Ketua Komisi E DPRD Jatim, Dr. Sri Untari Bisowarno, M.A.P., menegaskan bahwa upaya pengembangan tanaman obat bahan alam memerlukan komitmen penuh dan sinergi dari pemerintah daerah tingkat kabupaten/kota. Menurutnya, Kota Malang memiliki potensi besar untuk menjadi pusat industri dan pengolahan herbal.
“Kota Malang bisa menjadi pusat industri obat bahan alam, seperti mendirikan pabrik atau fasilitas pengolahan. Ini adalah bagian dari cara kita mendasari tata kelola pemerintahan ke depan agar memiliki misi menyehatkan masyarakat secara mudah, murah, dan memberdayakan seluruh entitas, mulai dari petani, UMKM, hingga apoteker,” terang Sri Untari.
Pihaknya juga mengusulkan agar Dinas Kesehatan Kota Malang menyiapkan salah satu Puskesmas sebagai percontohan (pilot project) yang memiliki layanan khusus pojok obat bahan alam, herbal, hingga terapi tradisional terintegrasi seperti bekam dan akupunktur. Jika program percontohan ini berhasil, layanan serupa dapat direplikasi di Puskesmas lainnya.

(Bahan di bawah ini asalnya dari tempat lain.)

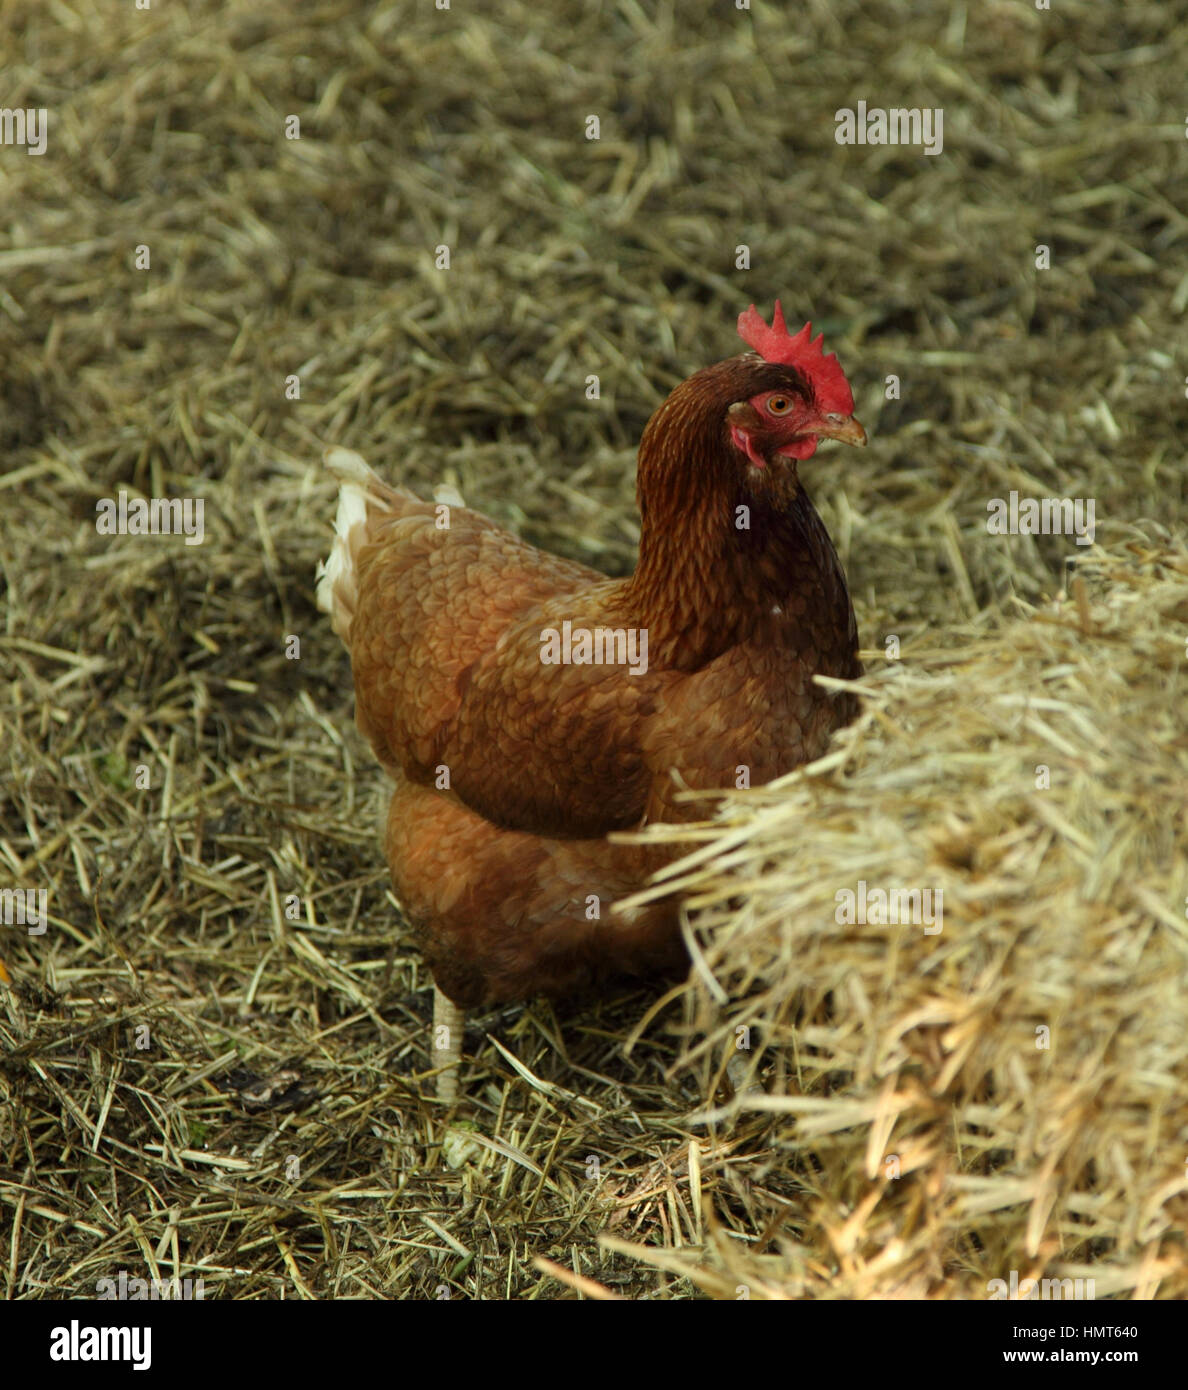 A free range chicken on grass beside a straw bale. Stock Photo

Kepala Dinas Kesehatan (Kadinkes) Kota Malang, dr.H.Husnul Muarif, menyambut positif arahan serta masukan dari Komisi E DPRD Jatim. Pihaknya menyatakan kesiapan untuk mengolaborasikan dinas-dinas terkait guna memetakan potensi 16 Puskesmas di Kota Malang.
“Dulu kita punya Puskesmas Cisadea yang unggul dalam pengelolaan Tanaman Obat Keluarga (TOGA). Nanti akan kita petakan kembali 16 Puskesmas sesuai karakter wilayahnya untuk dihubungkan dalam pengembangan tanaman bahan alam, termasuk menerapkan Cara Pembuatan Obat Tradisional yang Baik (CPOTB),” jelas dr. Husnul.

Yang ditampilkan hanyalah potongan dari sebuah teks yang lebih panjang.